Петр Алексеевич Копейкин оказался дворянским сыном Андреем Холщевниковым восемнадцати лет от роду, который сделался гулящим человеком, прибился к раскольникам и жил в керженских лесах в скиту у женки Марьи Григорьевой. Кому-то из бывавших в скиту людей он показался похож на покойного царевича Алексея Петровича, и Марья обещала Андрею поставить его в добрые люди, если он назовется царевичем. Вот только с годами получалась неувязка: настоящему-то Алексею Петровичу, будь он живой, теперь бы уже за сорок перевалило. Тогда Холщевников назвался Петром Алексеевичем – спроста да спьяну, как сказал он сам, вися на дыбе. Эх, простота хуже воровства…
В начале мая объявили приговор: крестьян и посадских-раскольников, потворщиков самозванца, бить кнутом, Холщевникову же отсечь голову, тело его публично сжечь в Москве, а голову послать с нарочным в Арзамасскую провинцию и надеть там на кол, к столбу же с колом прибить жестяной лист с указанием его вины.
У Андрея Ивановича, распечатавшего седьмой десяток, были тогда дела поважнее. На Дону объявился еще один «Алексей Петрович» – некий Тимофей Труженик, и не недоросль какой-нибудь, а матерый мужик себе на уме. Эта история посерьезней будет; в свое время Ушаков уже сражался с бунташными людишками донского атамана Кондратия Булавина. Да и с Долгоруковыми еще не покончено. Деревни и богатства у них отобрали, Андрей Иванович сам получил пятьсот дворов из их владений, но жала у змеи пока не вырвали. Вот – опять доносы на них разбирать…
Глава 3
Прошла первая неделя мая, и как-то утром за острожным забором раздался оглушительный треск – вскрылась река. Пошел ломаться лед, понесло льдины черной водой – теперь Березов на несколько недель превратился в остров: ни по суше туда не попасть, ни по воде. А как расчистилось, да пригрело солнышко по-весеннему, Сосьва вышла из берегов, затопив окрестные луга.
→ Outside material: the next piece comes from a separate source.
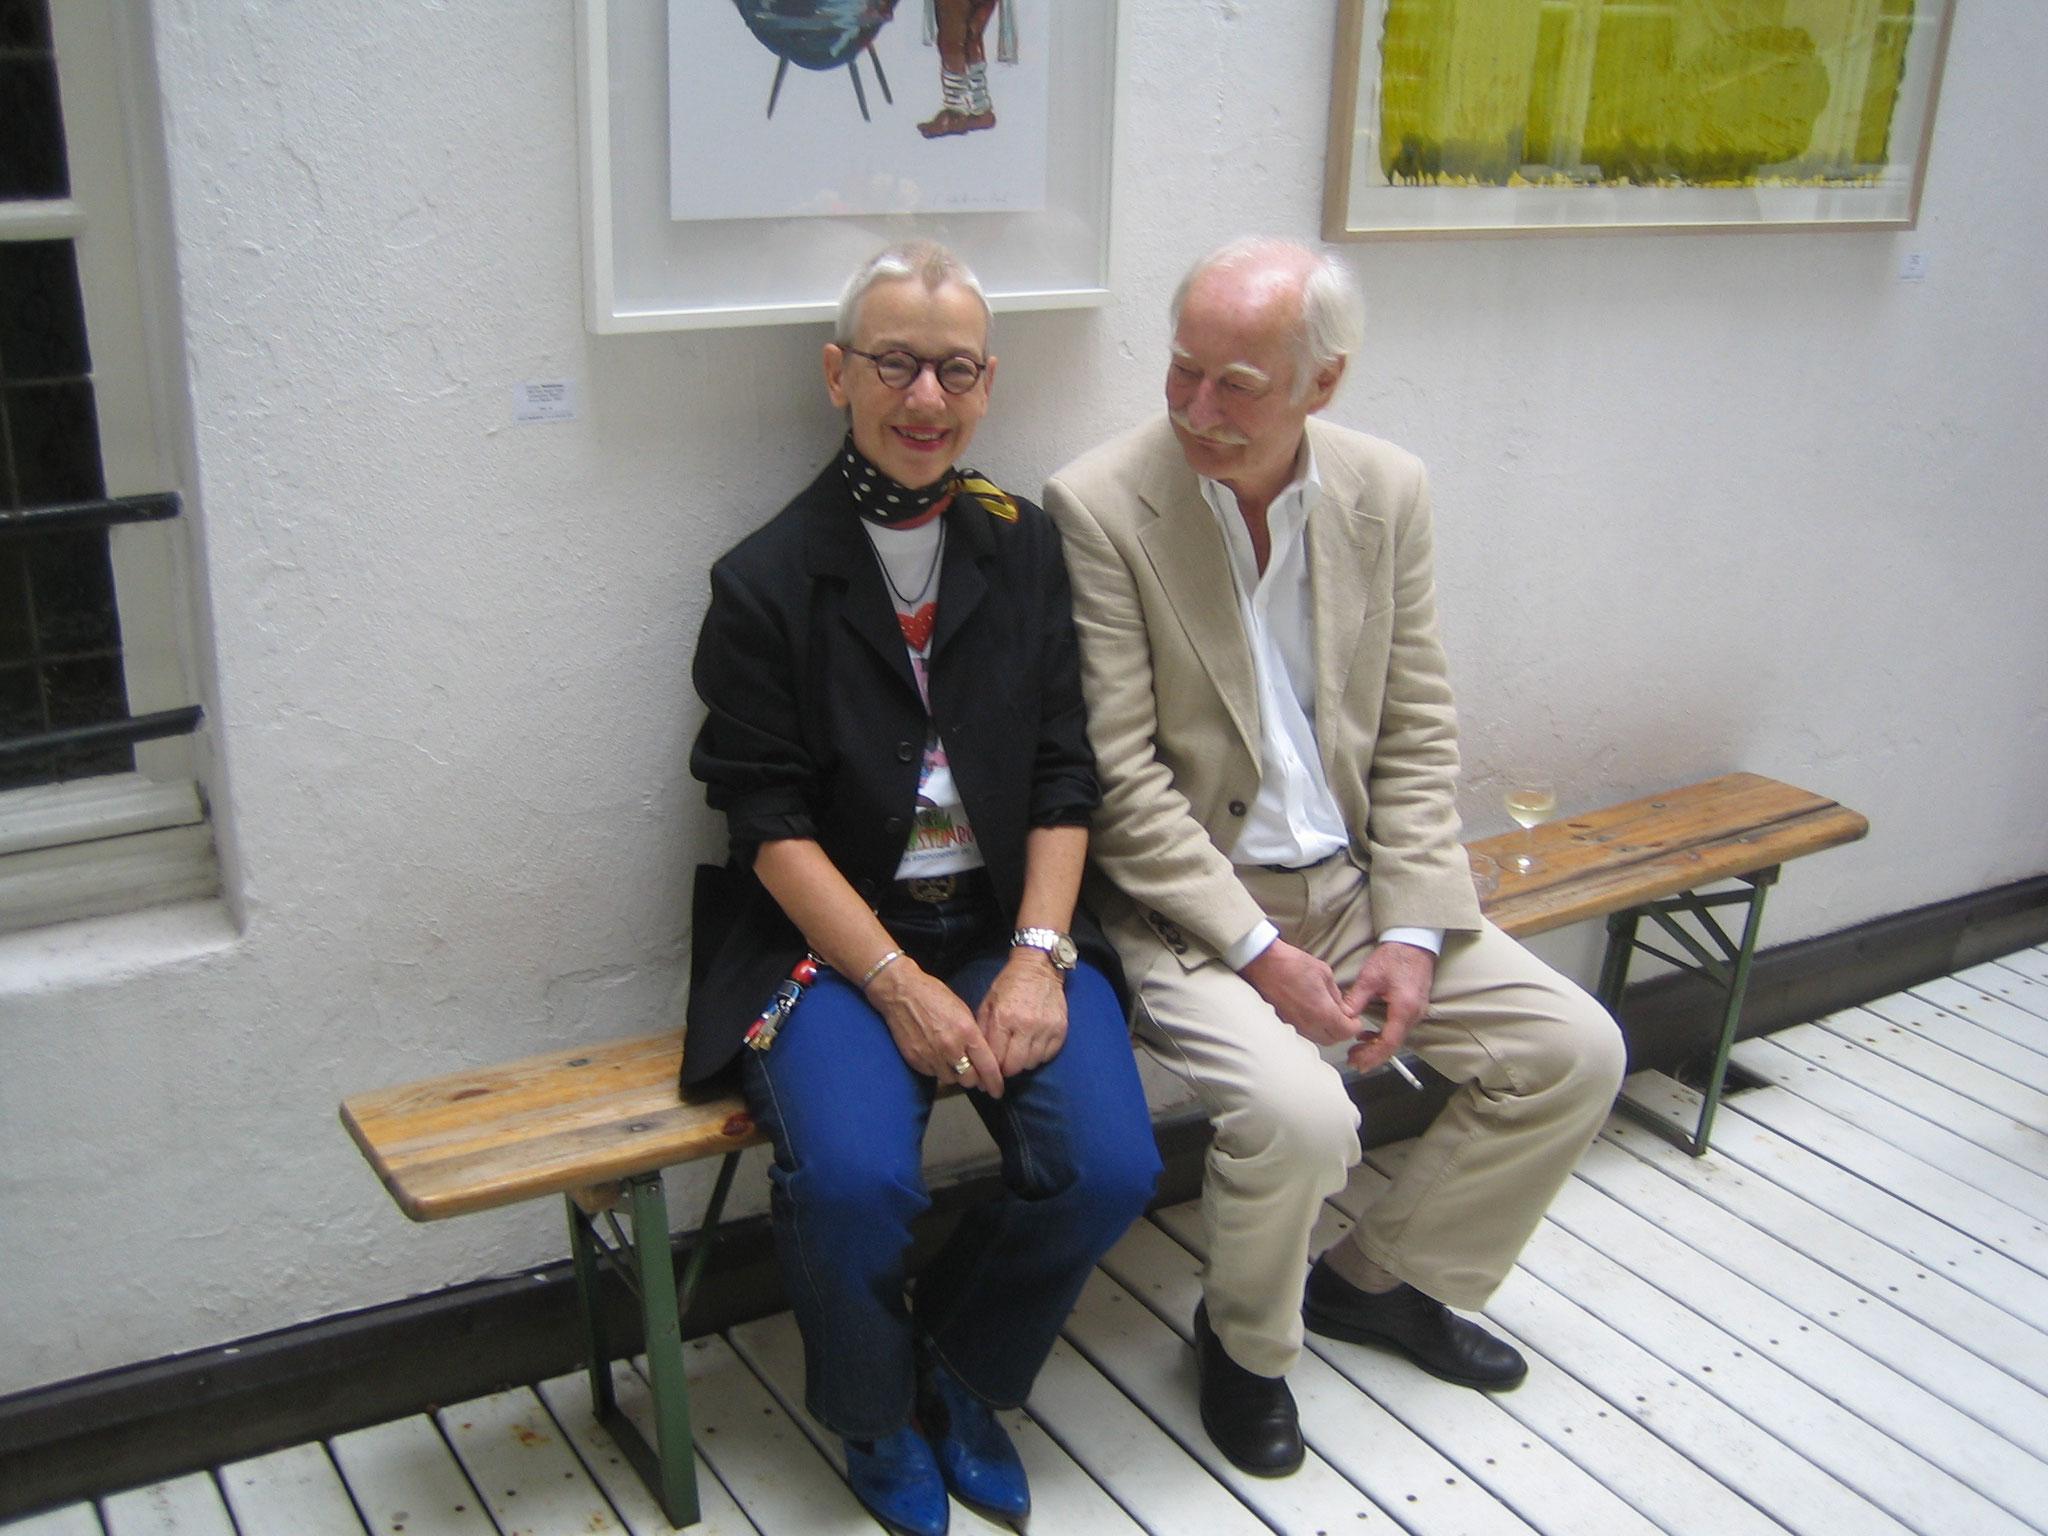 40 J.Galerie mit Fritz Meckseper

Вода в ней кишела рыбой, спускавшейся с севера на нерест, – щуки, окуни, язи, чебаки, налимы, караси, лини… Остяки и вогулы из Усть-Сосьвинских юрт, стоявших в пятнадцати верстах от Березова, наваливали на пути рыбы груды камней или хвороста и ставили там большущие верши, сделанные из сосновых дранок; рыба набивалась в них для терки, облепляя стенки икрой. Остяки сновали между вершами на своих долбленых челноках – узких, юрких, но подъемистых.
После зимнего безмолвия, нарушаемого разве что воем пурги или волков, влажный бодрящий воздух наполнился веселым шумом: плеском рыбы в воде, криком пролетающих над ней гусей, лебедей и уток, хлопаньем крыльев, гомоном множества птиц в камышах и перелесках. Вот рыбак в своем челне, заслышав приближающуюся стаю, быстро положит весла, схватит лук из березовых прутьев, натянет конопляную тетиву – и оборвется жизнь какого-нибудь гуся, отмахавшего немало верст, чтобы вернуться к родному гнездовью.
Домашним гусям подрезали крылья, чтобы не увязались за дикими сородичами. По весне их одолевало любовное томление; гусаки, уже обзаведшиеся семьями, становились болезненно ревнивы и никого не подпускали к своим гусыням.
У ссыльных всех развлечений – в церковь ходить да кормить птицу на небольшом пруду посреди острожного двора. А теперь еще и новая забава появилась: стравливать гусаков.